VATICAN CITY (RNS) The Vatican extended its digital communications capabilities on Friday (Jan. 23), when it launched its own video channel on the Web site YouTube.
The Vatican channel (www.youtube.com/vatican) features short video news clips about events involving Pope Benedict XVI and other Vatican officials in four languages — English, Spanish, German and Italian — and will be updated daily.
Videos are limited in length to two minutes or less, but the Rev.
Federico Lombardi, head of the Vatican press office, said officials hope eventually to offer full-length coverage of certain events, as well as videos in high-definition (HD) format and other languages.
Although users will be able to e-mail site administrators to react to content, the channel does not allow for the posting of comments by the public.
“Right now we would not be in a position to manage a global flow of comments and responses,” Lombardi told reporters.
The launching of the channel coincided with the release of Pope Benedict’s message for this year’s World Communications Day, Saturday (Jan. 24). Entitled “New Technologies, New Relationships,” the pope’s message dwelt on the promise and perils of social networking sites such as Facebook.
Benedict wrote that the popularity of such sites expresses a “fundamental desire of people to communicate and to relate to each other,” which he praised as a “reflection of our participation in the communicative and unifying love of God.”

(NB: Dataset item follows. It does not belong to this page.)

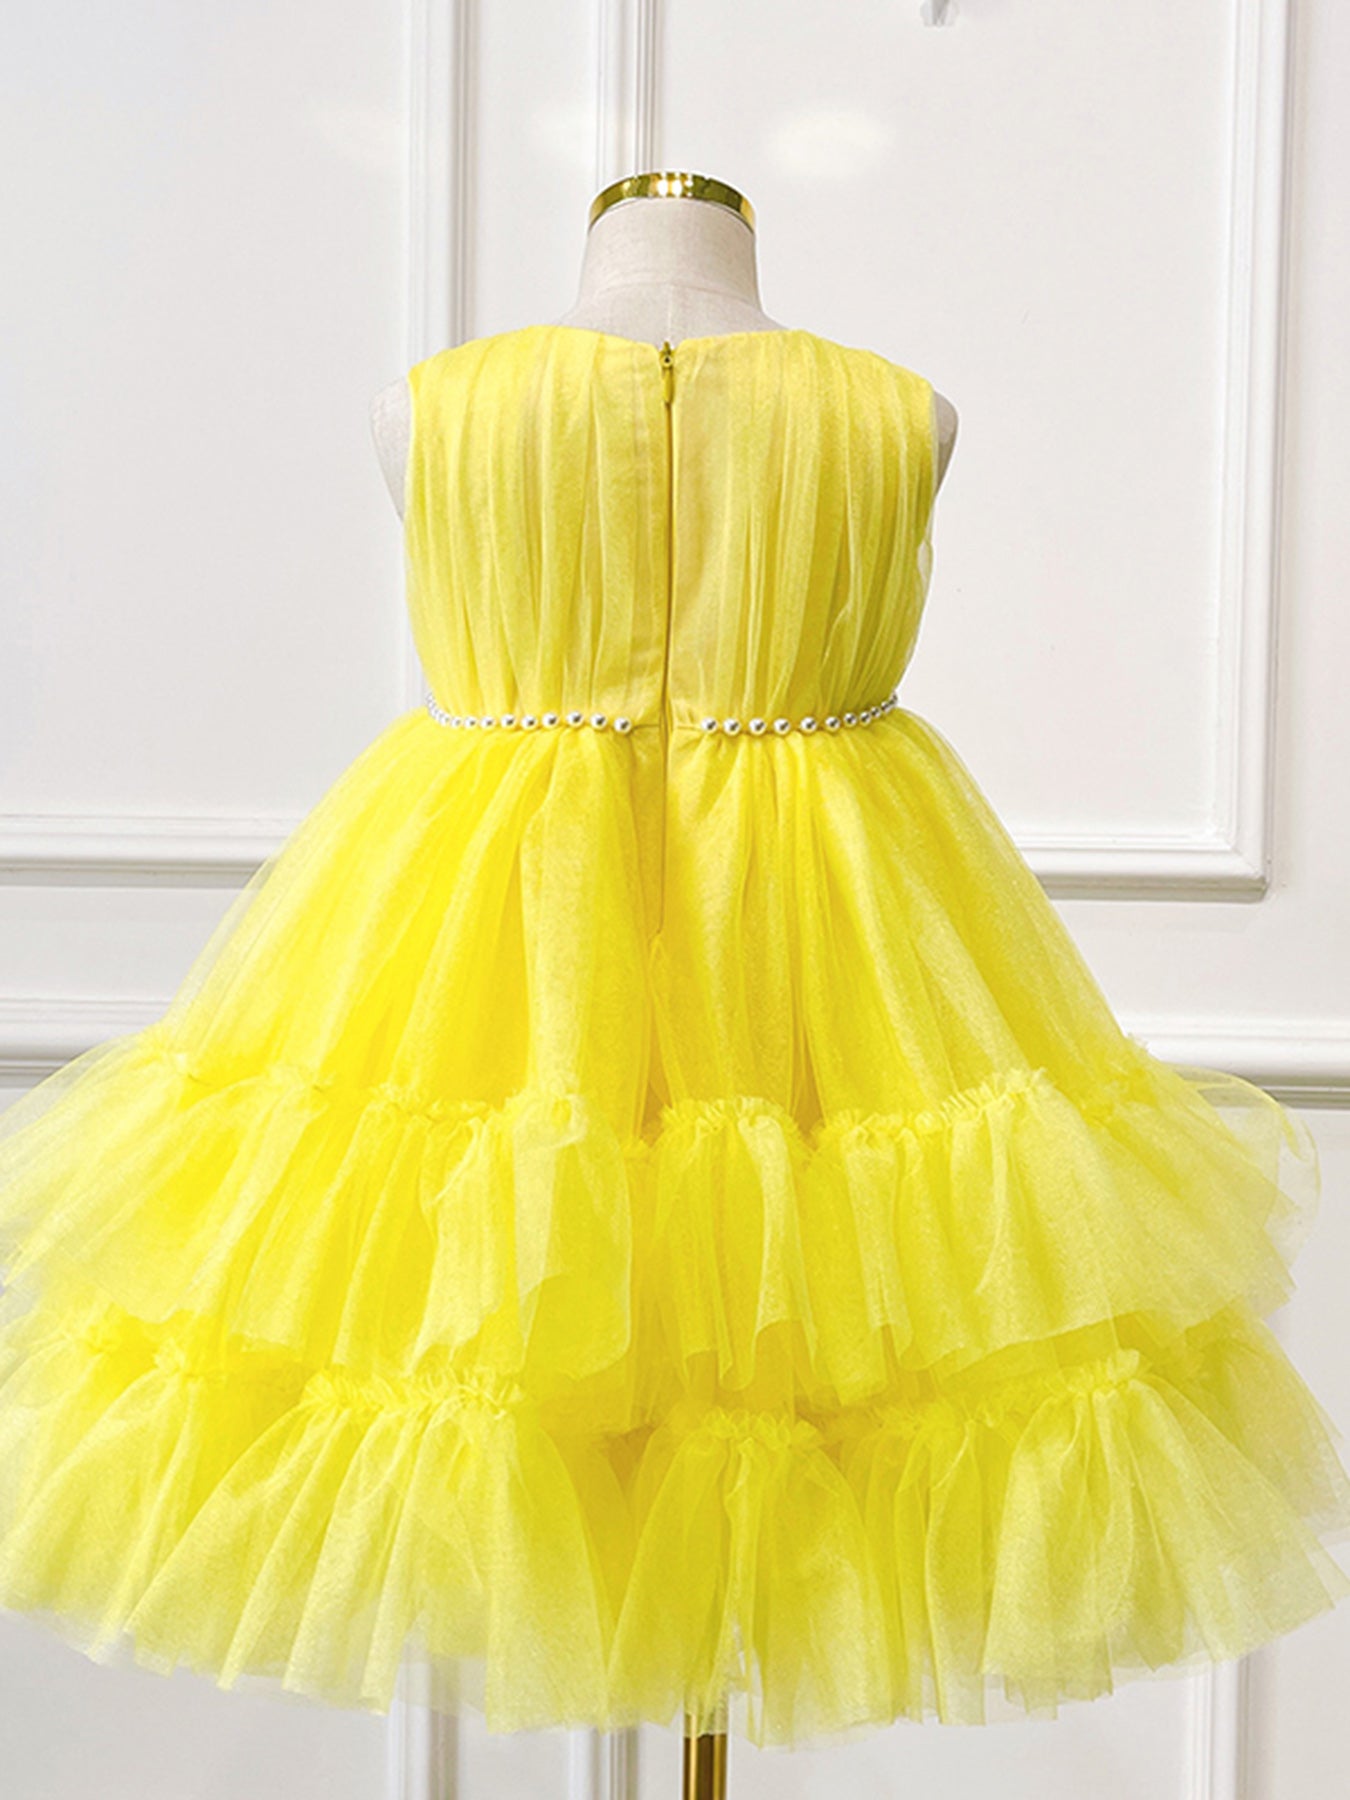 Yellow princess dress

But the pope warned young people in particular not to pursue “on-line friendships” at the expense of “real social interaction” with relatives, neighbors and co-workers.
“If the desire for virtual connectedness becomes obsessive, it may in fact function to isolate individuals from real social interaction while also disrupting the patterns of rest, silence and reflection that are necessary for healthy human development,” Benedict wrote.
The pope’s message also stressed the need for universal access to the latest communications technology.
In a reference to the so-called digital divide between rich and underdeveloped nations, Benedict wrote that it “would be a tragedy for the future of humanity if the new instruments of communication … were not made accessible to those who are already economically and socially marginalized.”